There has been no material change in the Company's assessment of its sensitivity to market risk since its presentation set forth in Item 7A, "Quantitative and Qualitative Disclosures About Market Risk," in its Annual Report on Form 10-K/A for the year ended December 31, 2008.
Item 4. Controls and Procedures.
Evaluation of Disclosure Controls and Procedures In connection with the preparation of the amendment to our Annual Report on Form 10-K, our Chief Executive Officer and Chief Financial Officer have evaluated our disclosure controls and procedures (as such term is defined in Rules 13a-15(e) and 15d-15(e) under the Securities and Exchange Act of 1934, as amended (the "Exchange Act")), including the remedial actions discussed below, and have concluded that as of March 31, 2009, our disclosure controls and procedures are effective at the reasonable assurance level.


Changes in Internal Control over Financial Reporting During the quarter ended March 31, 2009, we identified a material weakness in our internal control over financial reporting as of December 31, 2008 with respect to our process of reviewing operating leases, in that we did not have effective internal controls to determine the appropriate accounting for rental escalations.
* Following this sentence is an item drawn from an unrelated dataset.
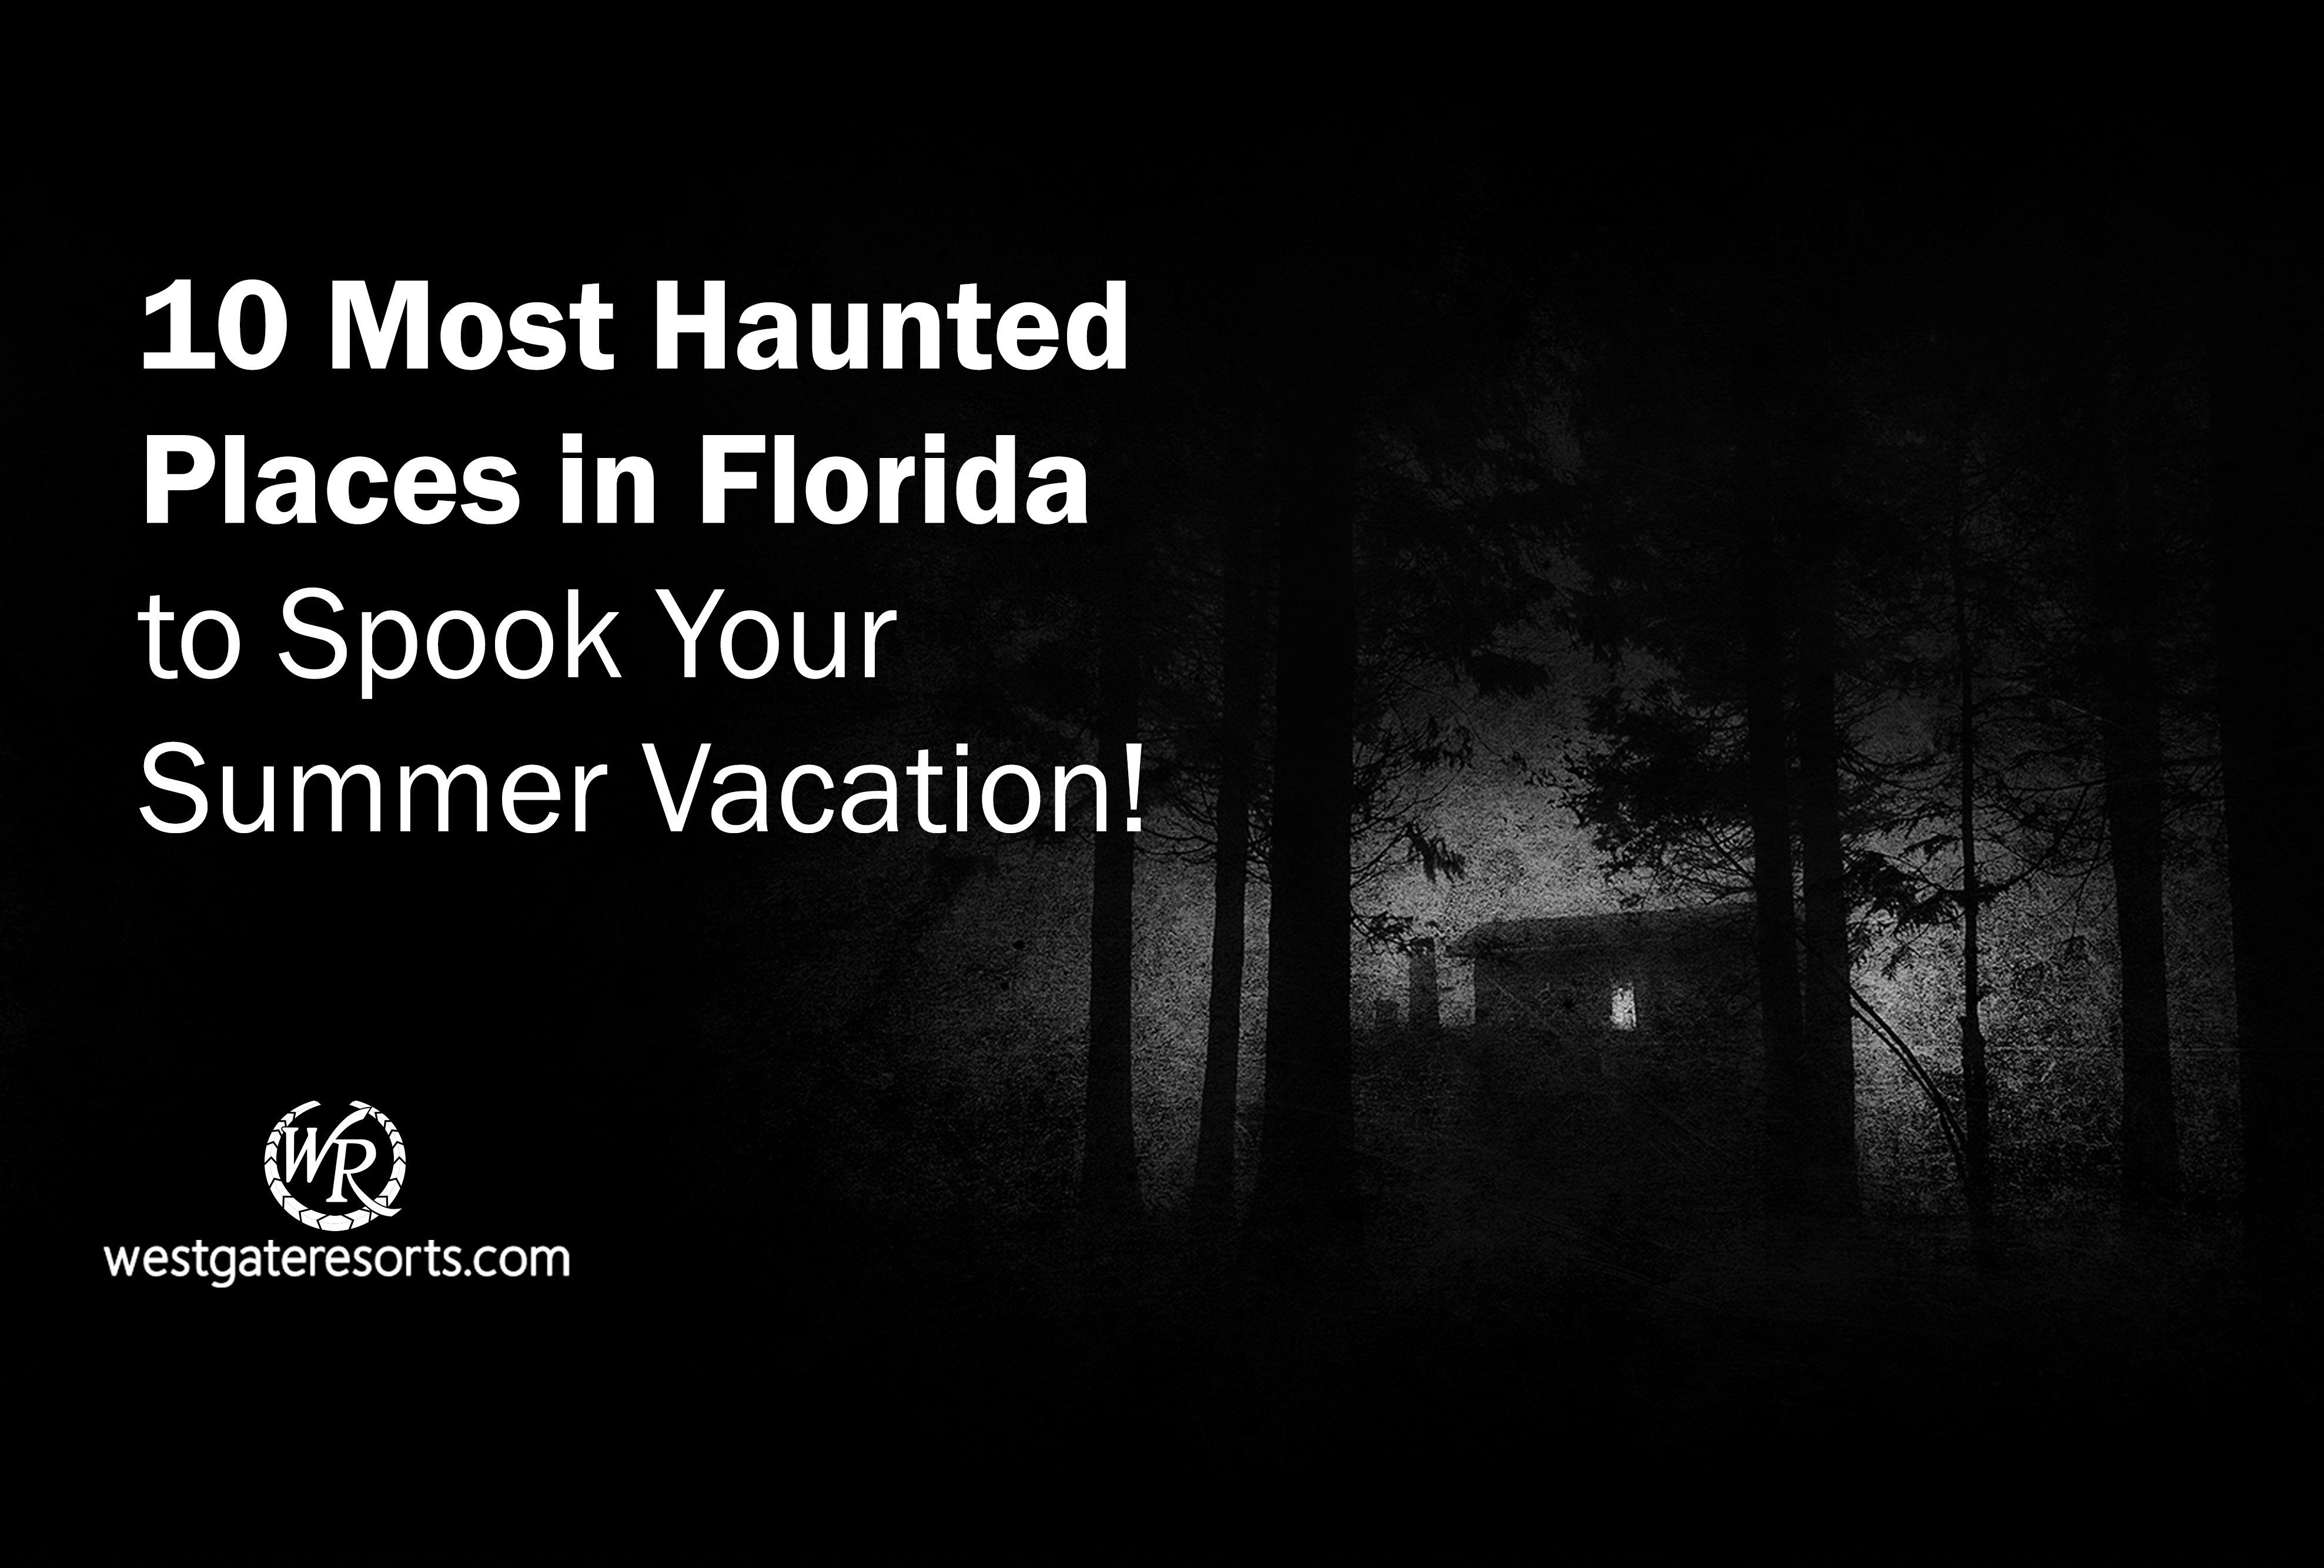 What Are The Top Signs Of A Haunted Location?
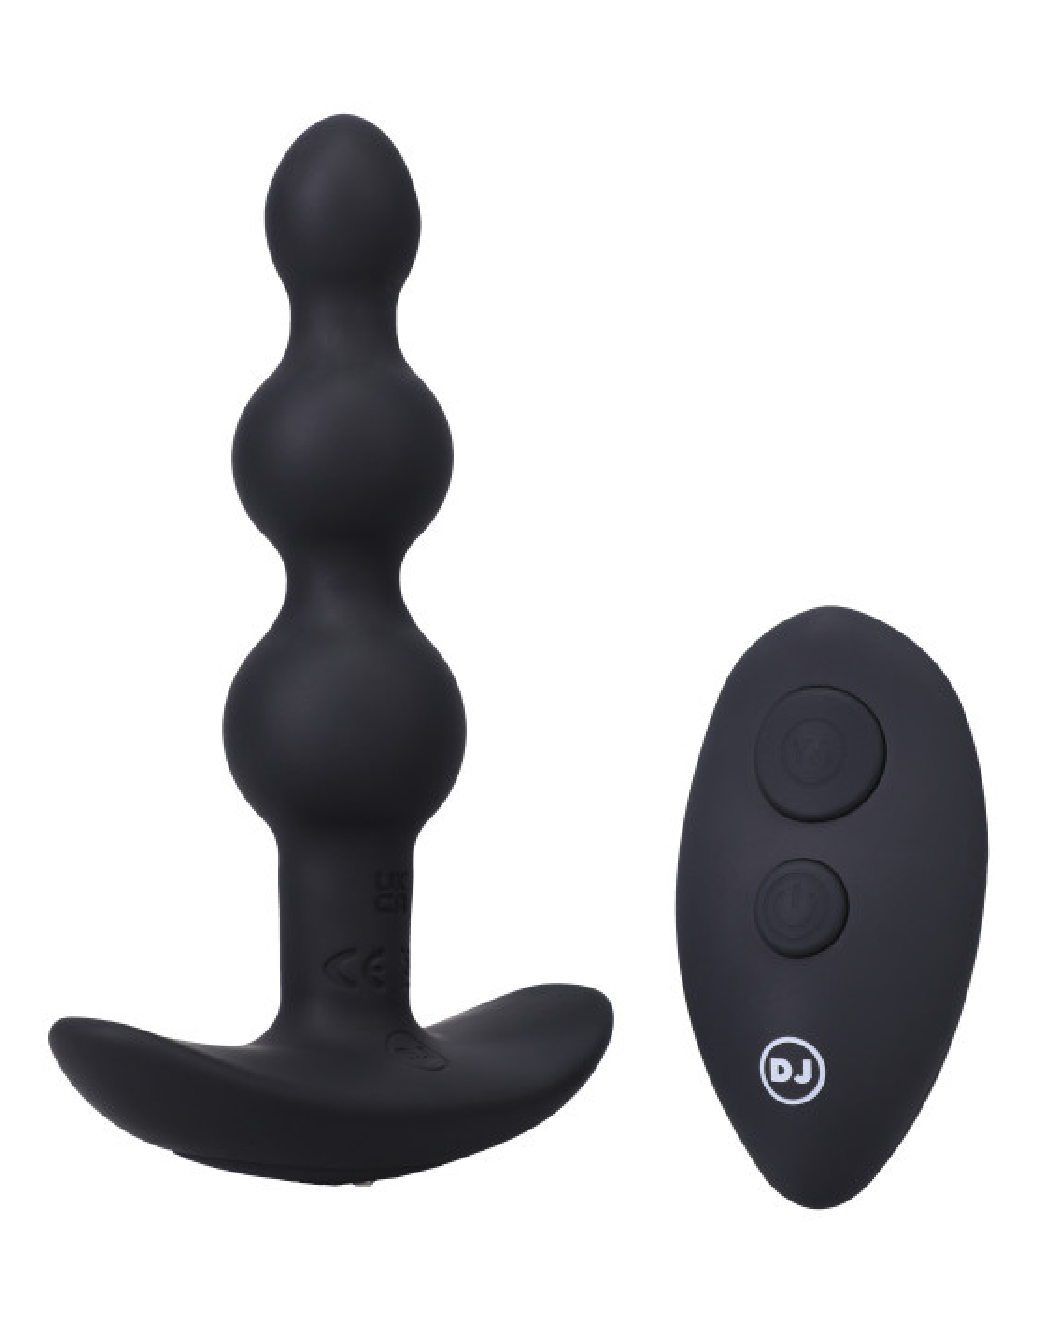 A-Play Beaded Vibrating Anal Beads with Remote - Black

As previously disclosed in Amendment No. 1 to our 2008 Annual Report on Form 10-K, as a result of this material weakness, we modified our control procedures with respect to the review and documentation for leases entered into, which remediated the related internal control weakness. This change materially affected our internal control over financial reporting with respect to our process for reviewing operating leases.